It’s my last day here and I am still treated like shit. And there’s gonna be fighting as soon as I get back to my grandparents because they messed with my room. I fucking hate everyone… I hate my family. I don’t want to be here. My throat hurts after arguing with my brother again. I was only defendding myself. I’m sick of everyone’s bull— crap….. gotta stop cussing…. I’m done I’m done. I wanna get there so that I will feel more capable of functioning knowing I can end it anytime…
If I had had a gun anytime in the past 10 min, I would be dead without hesitation right now…
8 comments
I know how you feel… If guns were legal in Canada I probably would have one and shot myself already.
When I was younger, my parents always went through my room, apparantly “cleaning” but I know they were snooping around… I always exploded in fury when that happened.
I am glad I am out on my own now, and I don’t have them poking through my stuff.
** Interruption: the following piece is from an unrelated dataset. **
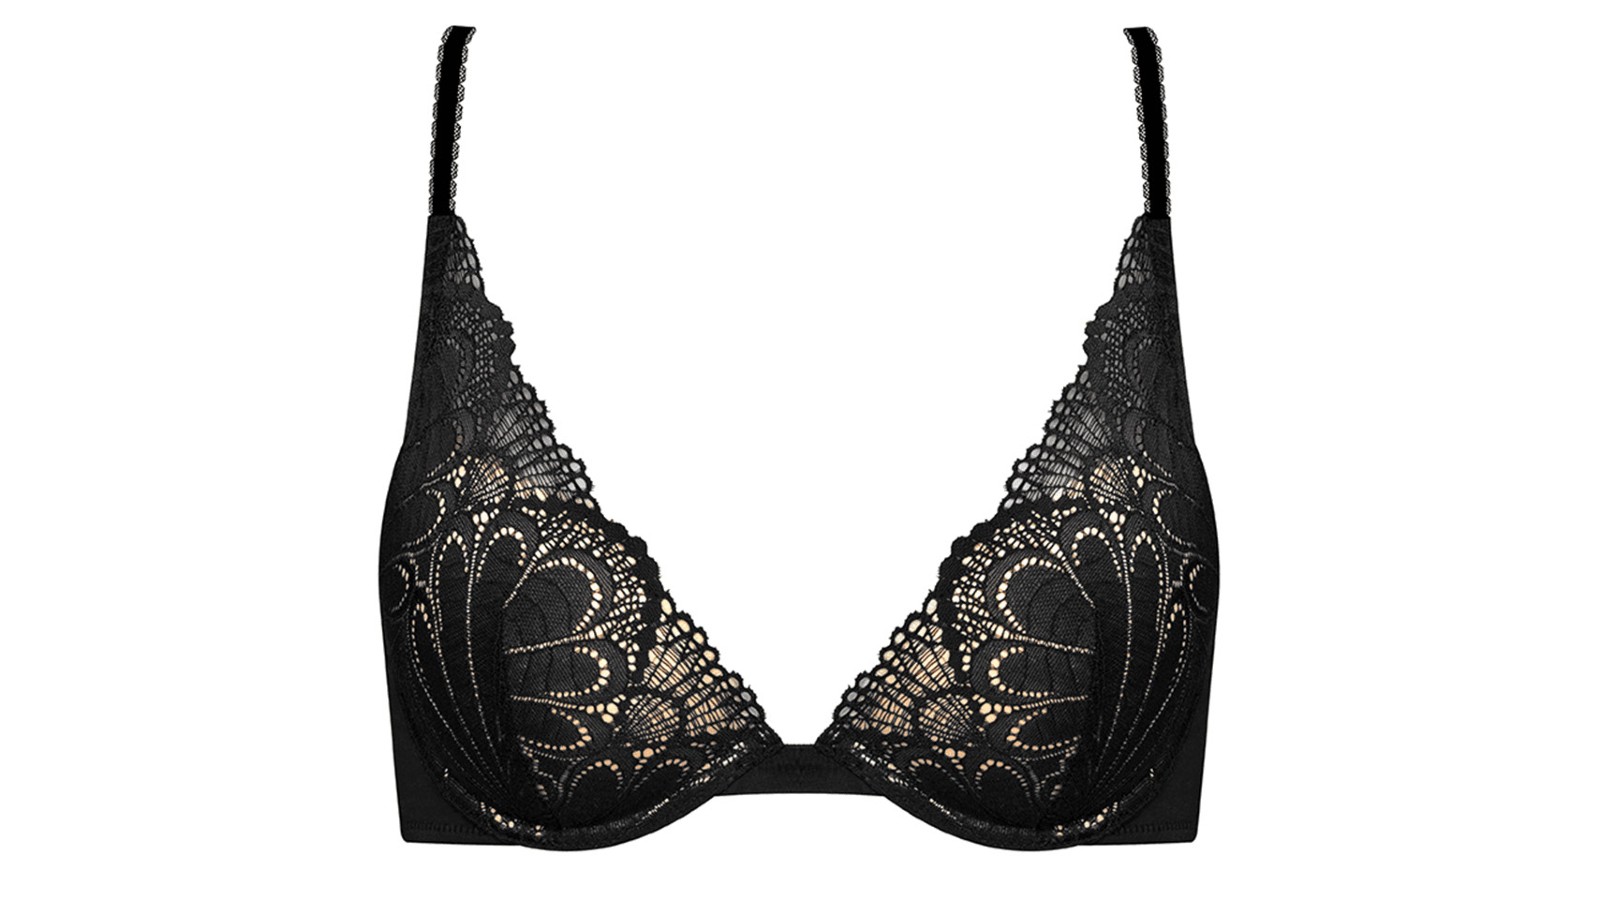 How a bra should fit: Tips and tricks for comfortable, niggle-free wear ...

[quote]I know how you feel… If guns were legal in Canada I probably would have one and shot myself already.[/quote]
Guns are legal in Canada. I know because I legally own 3 of them. You just have to get a firearm license then you can buy as many as you want.
As for Dawn. Please don’t give up. Life is worth living.
Dawn, I hope I am not too late.. I am still here and I have a gift for you…. i can’t remember if you have my email, if not post a comment and I will make sure you get it.
Hey D!! What happened?? I’m always here for you, k? <3 Don't kill yourself- I'm alive because of you!!!
I know…I am wondering/worried too. @Nobody-How are you?
I am TERRIBLE 🙁 Nonetheless thanks for asking! <3 I missed you!
How are you?
Feeling the same and trying to keep busy, keep my mind off things. It’s my endless cycle. Maybe I can just work myself to death. Literally.